Um universitário
Um universitário
Jocenir Barbat Mutti
Nov/07
Meus filhos estão formados e com suas vidas bem encaminhadas. Constato com satisfação que a qualidade de vida que eles tiveram para cursar o terceiro grau foi bem superior à que eu tive. Quando saí do interior para estudar na capital, experimentei algumas dificuldades. Mas na época nunca reclamei! O curso que eu estava iniciando na UFRGS, Engenharia, era de longe o de maior índice de reprovação. A dedicação exclusiva aos estudos, principalmente nos dois primeiros anos, foi uma condição sine qua non. Minha mesada era pequena, mas a garra e energia que eu tinha demovia montanhas.
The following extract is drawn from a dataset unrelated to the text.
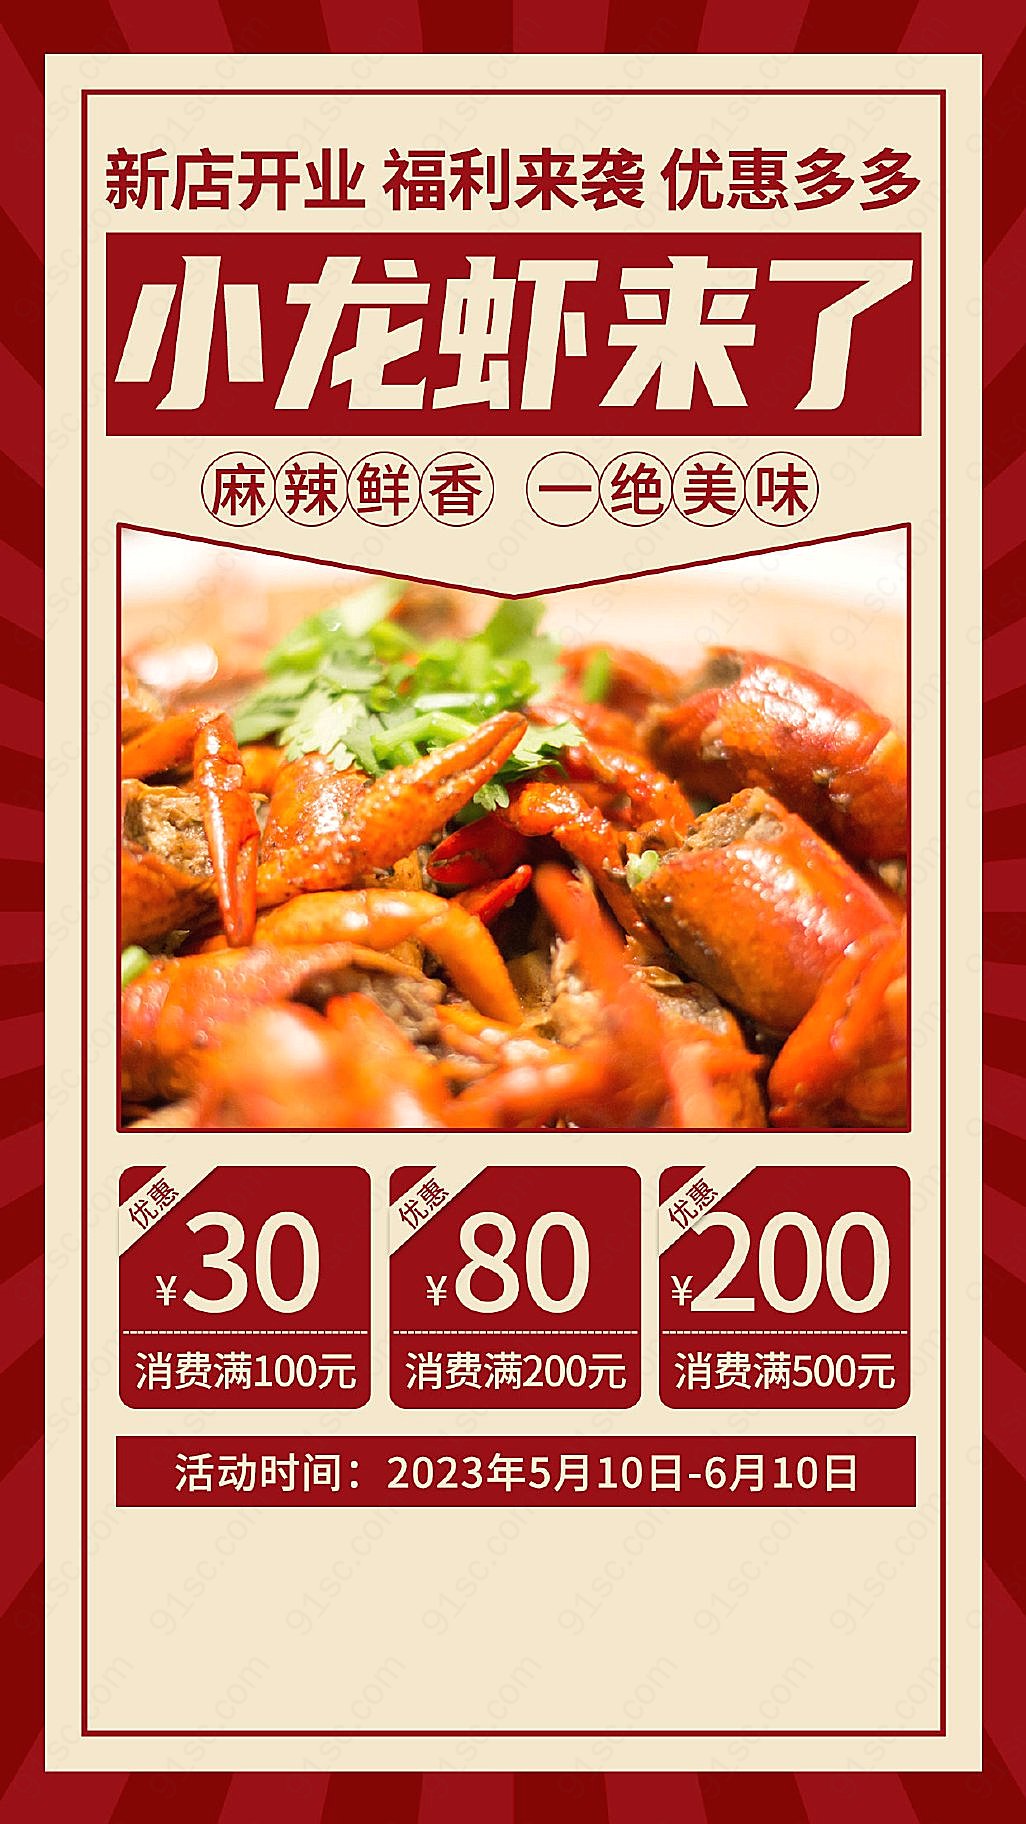 新店开业红色复古风味小龙虾美食促销用手机领取优惠新媒体用图下载

Eu e meu primo alugamos um cubículo no décimo andar de um edifício fininho perto da Escola, o “treme-treme”. O sol naquele quarto só poderia entrar se refletido num espelho que fosse devidamente posicionado no edifício da frente. No primeiro dia em que ali dormimos me acordei de manhã cedo acreditando estar no meio de um terremoto. A cama do meu primo que ainda dormia começou a se movimentar na minha direção. Tudo isto, somente porque um simples bonde estava passando lá em baixo. O edifício fez jus a seu nome...
Fui o único entre os cem alunos do primeiro ano que conseguiu passar por média. Quando retornei nas férias à minha cidade natal, constatei que estava com princípio de pneumonia.
No restaurante universitário, o RU, o cardápio era servido numa bandeja de aço inoxidável de segunda a domingo: feijão aguado, arroz “juntos venceremos”, carne cozida salgada e uma salada de tomate com alface que parecia um papel molhado. Até hoje me lembro do ruído metálico daquele ambiente; uma pessoa desavisada que ali na frente passasse, iria imaginar que se tratava de um ensaio de escola de samba, guris batendo na lataria. Azia, gastrite e dor de cabeça eram constantes, normais, mesmo assim eu não estava nem aí, muito pelo contrário. Era um universitário feliz.
Nos mudamos do treme-treme e começamos a perambular pelas casas das tias; mais tarde, junto com mais três estudantes conterrâneos, alugamos uma república.
Prontifiquei-me a atuar no centro acadêmico, objetivando conseguir estágios nas fábricas cadastradas. Numa dessas visitas, lá estava eu, tentando vender meu peixe para o dono de uma fábrica. O enorme alemão, fumando um charuto, sem titubear me respondeu:
- Eu preciso sim de um desenhista, mas quero contratar o senhor, que está aí batalhando para os outros.
O homem me surpreendeu. Eu não esperava mesmo aquela proposta. No outro dia, já estava lá, trabalhando a mil.
Pronto, agora eu já era um homem com um salário de cinqüenta centavos a hora. Não demorou muito o aumento para setenta e cinco. No final da semana vinha o pagamento dentro de um envelope daqueles de cartas aéreas, cheio de notas pequenas. Como era bom! Era dinheiro do meu suor. Meu primeiro salário!
Nessas alturas eu, com vinte anos, magrão, cheio de gás para dar e vender, trabalhando de dia, estudando de noite! E ainda arrumava tempo para os torneios de xadrez da universidade, jogo aprendido com meu pai, campeão lá na nossa cidade.
Minhas notas caíram, pois me acordava muito cedo e tinha que pegar dois ônibus para chegar à fábrica, no bairro Navegantes. Ia até o centro da cidade, onde eu fazia meu desjejum, sempre no mesmo bar. A primeira vez que lá cheguei, pedi discretamente para o atendente um bolo tipo Lavoisier e um grande copo d’água. O homem, acostumado com o cardápio da casa, gritou:
- Um canhão e meio Guaíba para o rapaz aqui!
Apontou com o dedo polegar na minha direção. Baixei a cabeça, fiquei vermelho, me senti nu num palco lotado. Refeito do golpe, entendi que aquele bolo lembrava uma bala de canhão e o copo era tão grande que parecia assimilar meio Guaíba.
Hoje, dificilmente reclamo de uma comida que é posta na minha mesa. Meus filhos não, qualquer detalhe que não gostem eles torcem o nariz. Mas cada um na sua, todos tem seus motivos!!!